在上面的步骤3中,我们诊断出硬件问题并更换了RAID控制器,电缆和背板。重启后,我们通过指示控制器查询驱动器的配置来重新初始化RAID。两者都退化了,两者都成功修复了。
At step 4, it was not necessary to reinstall ESX; although, at bootup, it did not want to register the VMs. We had to dig up some buried management stuff to instruct the kernel to resignature the VMs. (Search VM docs for "resignature.")
在步骤4,没有必要重新安装ESX;虽然,在启动时,它不想注册VM。我们不得不挖掘一些隐藏的管理内容来指示内核重新签名VM。 (在VM文档中搜索“resignature”。)
I believe that our fallback plan would have worked, the VMware Converter images of the VMs that were running "orphaned" were tested and ran fine with no data loss. I highly recommend performing a VMware Converter imaging of any VM that gets into this state, after shutting down as many services as possible and getting the VM into as read-only a state as possible. Loading a vmdk either elsewhere or on the original host as a repair is usually going to be WAY faster than rebuilding a server from the ground up with backups.

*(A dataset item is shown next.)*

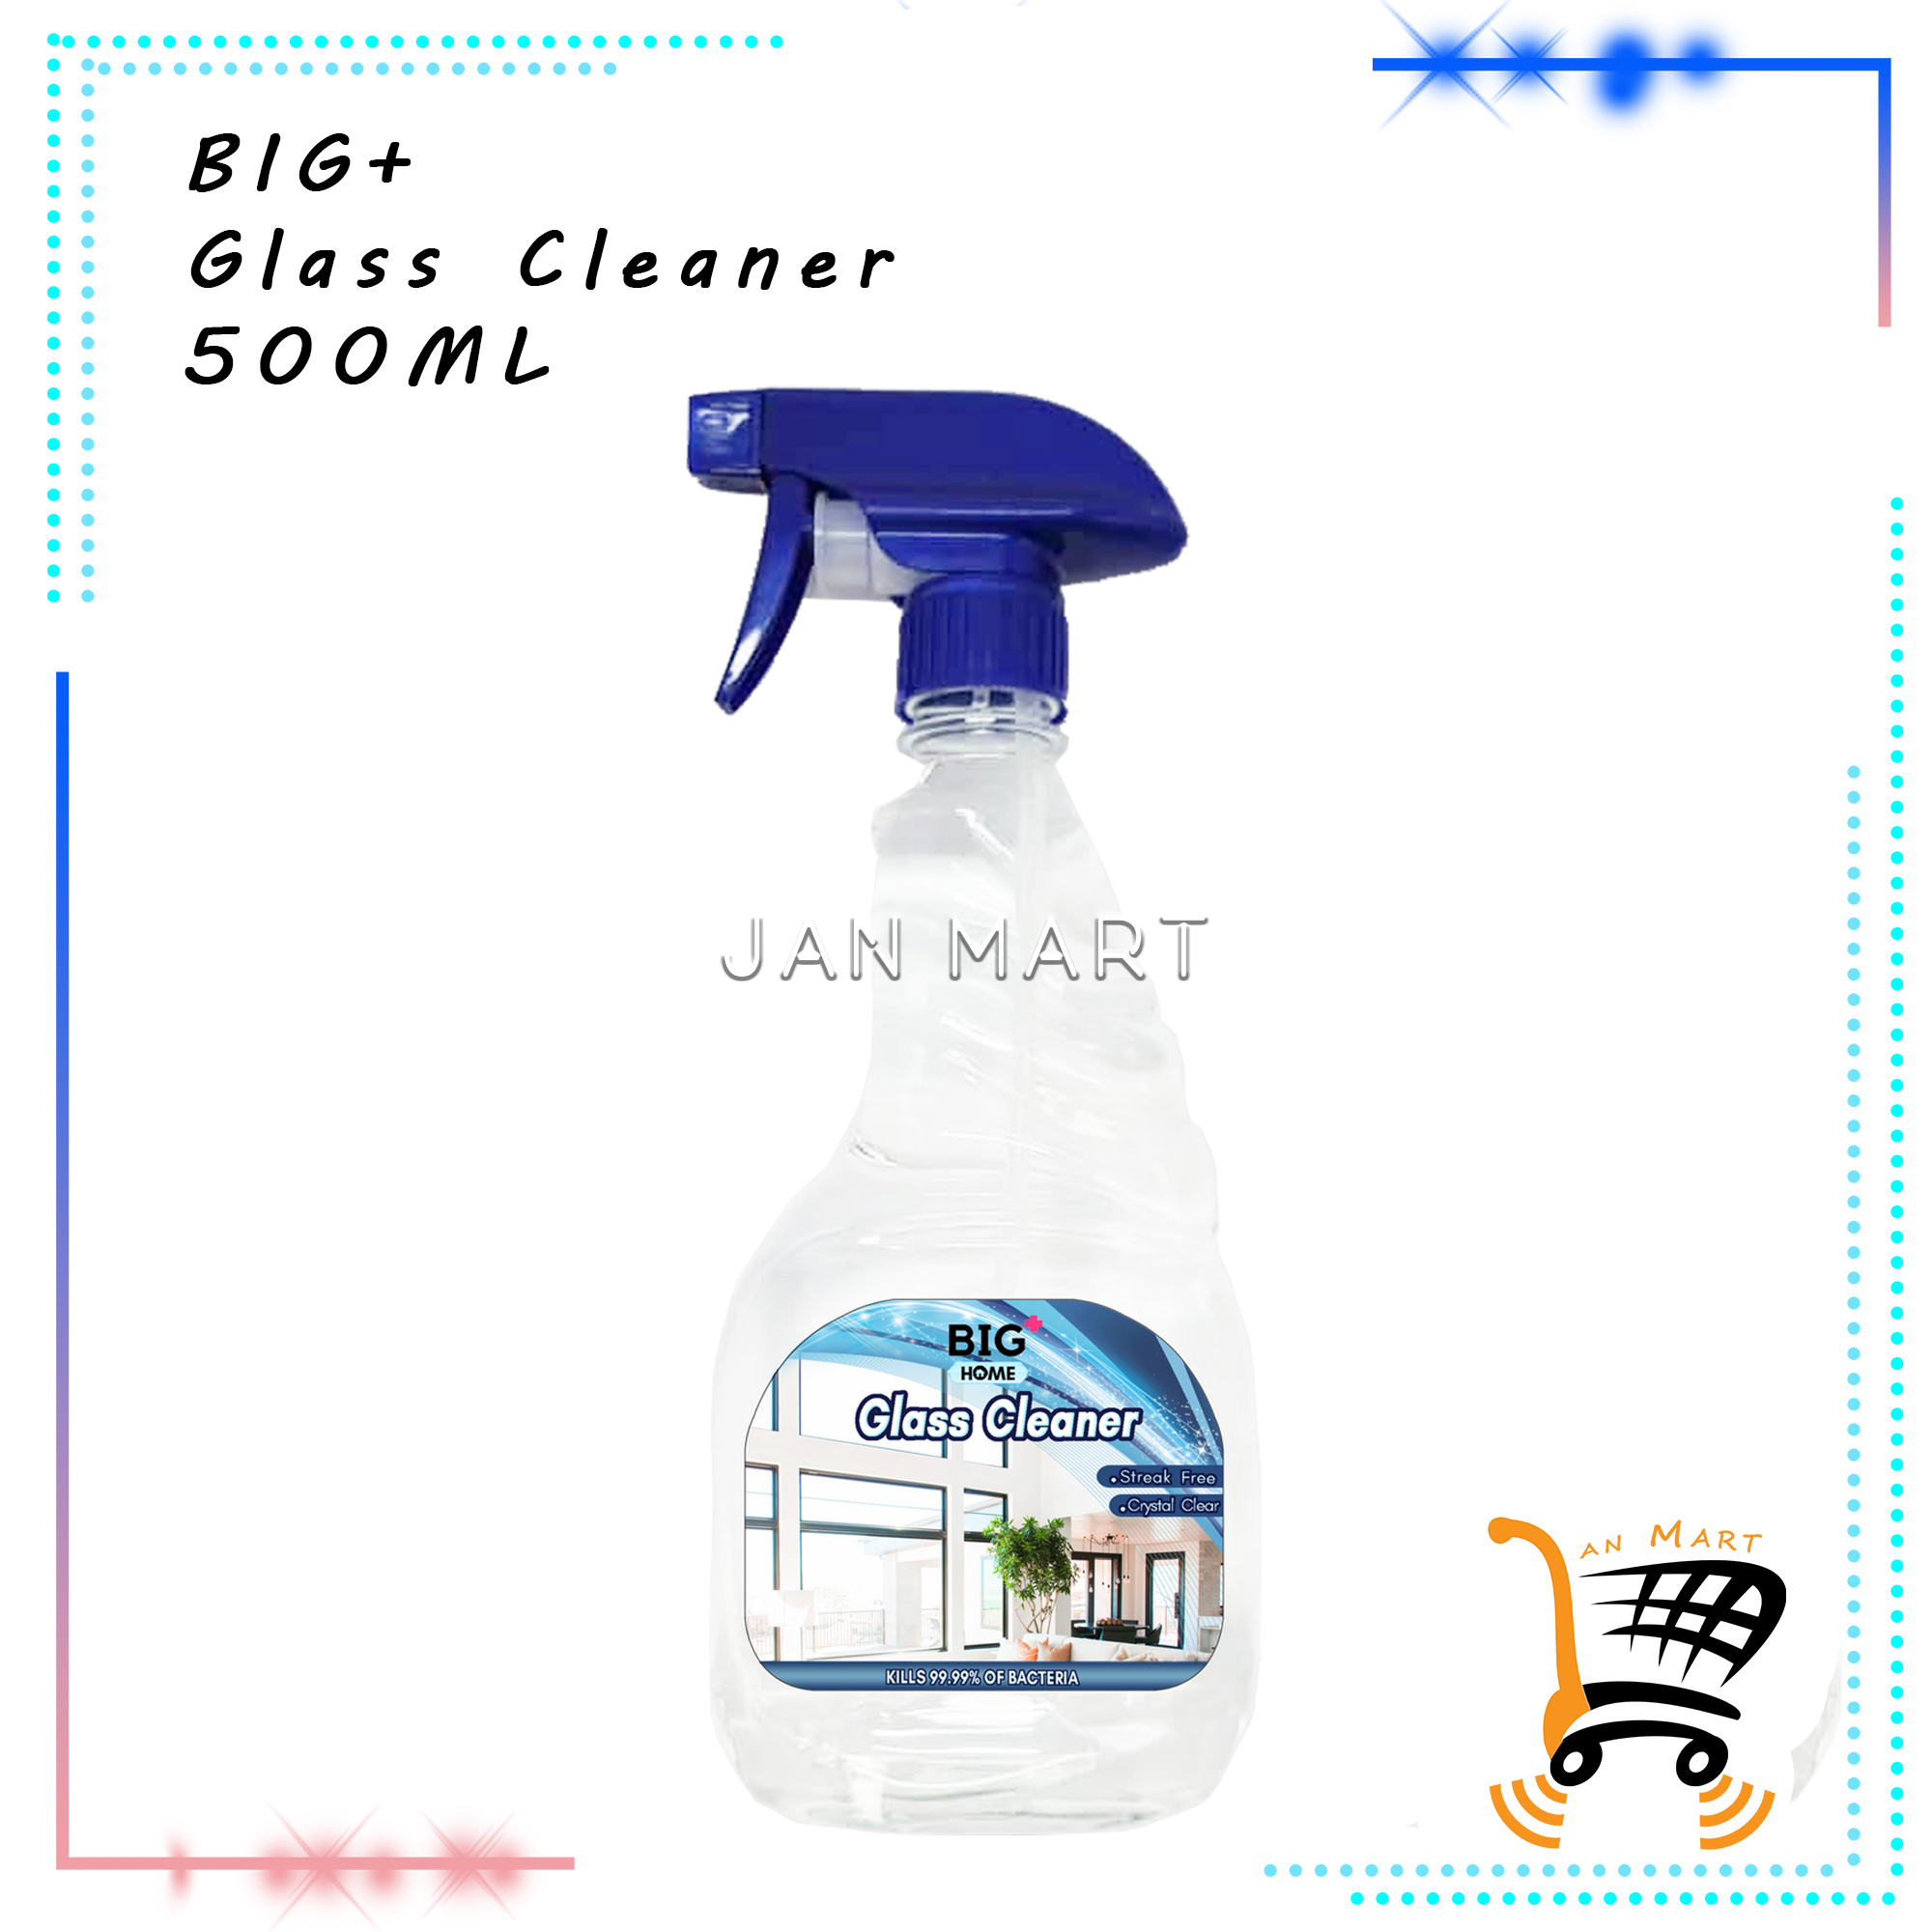 BIG+ Glass Cleaner 500ML

我相信我们的后备计划会起作用,运行“孤立”的虚拟机的VMware转换器映像已经过测试并运行正常,没有数据丢失。我强烈建议在关闭尽可能多的服务并使VM尽可能处于只读状态后,对进入此状态的任何VM执行VMware Converter映像。将vmdk加载到其他地方或原始主机上作为修复通常比通过备份从头开始重建服务器更快。
#1
1
It was the backplane. Both drives of the RAID1 and one drive of the RAID5 were inaccessible. Incredibly, the VMware hypervisor continued to run for three days from memory with no access to its host disk, keeping the VMs it managed alive.
这是背板。 RAID1的两个驱动器和RAID5的一个驱动器都无法访问。令人难以置信的是,VMware虚拟机管理程序继续从内存运行三天而无法访问其主机磁盘,从而使其管理的虚拟机保持活动状态。

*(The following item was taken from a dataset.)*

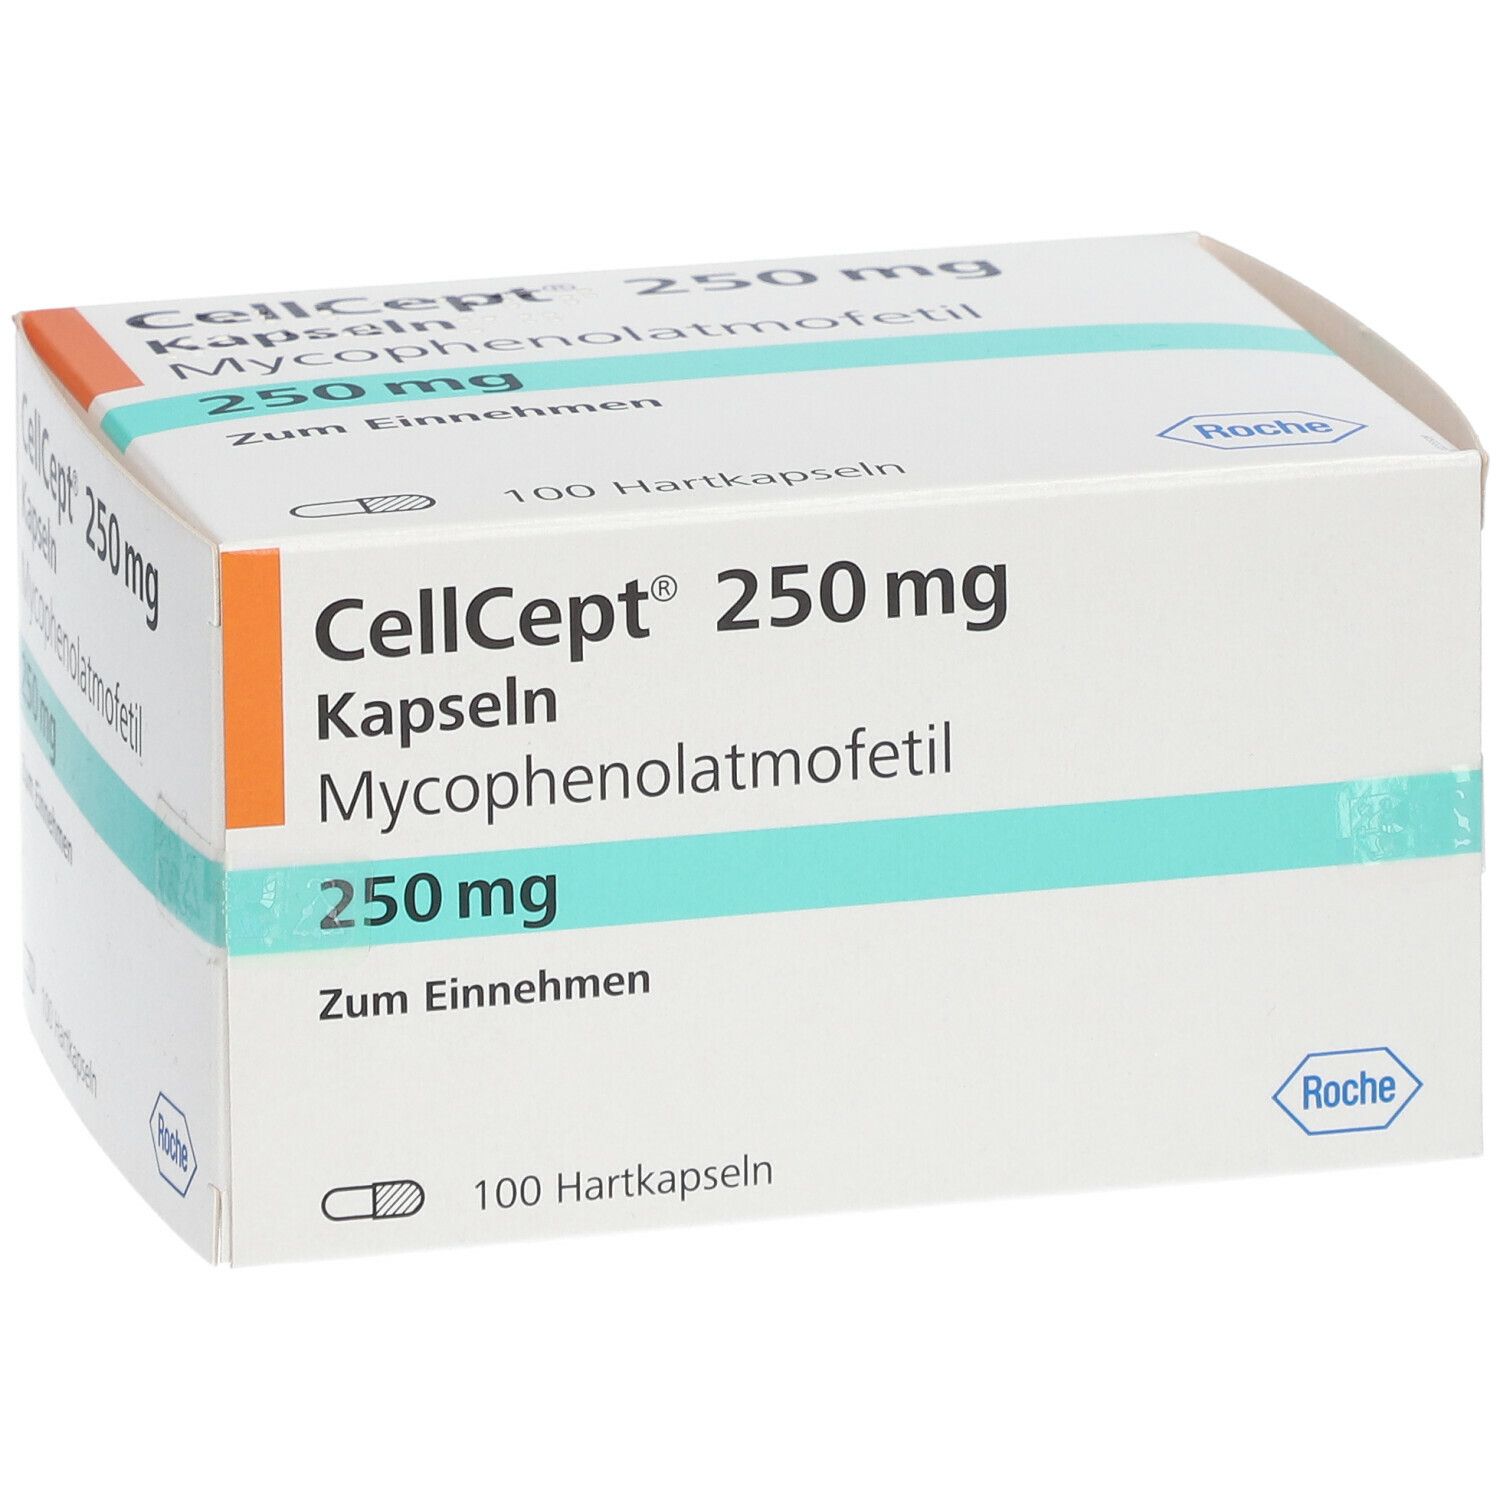 CellCept® 250 mg

At step 3 above we diagnosed the hardware problem and replaced the RAID controller, cables, and backplane. After restart, we re-initialized the RAID by instructing the controller to query the drives for their configurations. Both were degraded and both were repaired successfully.
在上面的步骤3中,我们诊断出硬件问题并更换了RAID控制器,电缆和背板。重启后,我们通过指示控制器查询驱动器的配置来重新初始化RAID。两者都退化了,两者都成功修复了。

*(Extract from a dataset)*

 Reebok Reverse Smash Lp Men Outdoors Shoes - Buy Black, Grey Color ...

At step 4, it was not necessary to reinstall ESX; although, at bootup, it did not want to register the VMs. We had to dig up some buried management stuff to instruct the kernel to resignature the VMs. (Search VM docs for "resignature.")
在步骤4,没有必要重新安装ESX;虽然,在启动时,它不想注册VM。我们不得不挖掘一些隐藏的管理内容来指示内核重新签名VM。 (在VM文档中搜索“resignature”。)
I believe that our fallback plan would have worked, the VMware Converter images of the VMs that were running "orphaned" were tested and ran fine with no data loss. I highly recommend performing a VMware Converter imaging of any VM that gets into this state, after shutting down as many services as possible and getting the VM into as read-only a state as possible. Loading a vmdk either elsewhere or on the original host as a repair is usually going to be WAY faster than rebuilding a server from the ground up with backups.
我相信我们的后备计划会起作用,运行“孤立”的虚拟机的VMware转换器映像已经过测试并运行正常,没有数据丢失。我强烈建议在关闭尽可能多的服务并使VM尽可能处于只读状态后,对进入此状态的任何VM执行VMware Converter映像。将vmdk加载到其他地方或原始主机上作为修复通常比通过备份从头开始重建服务器更快。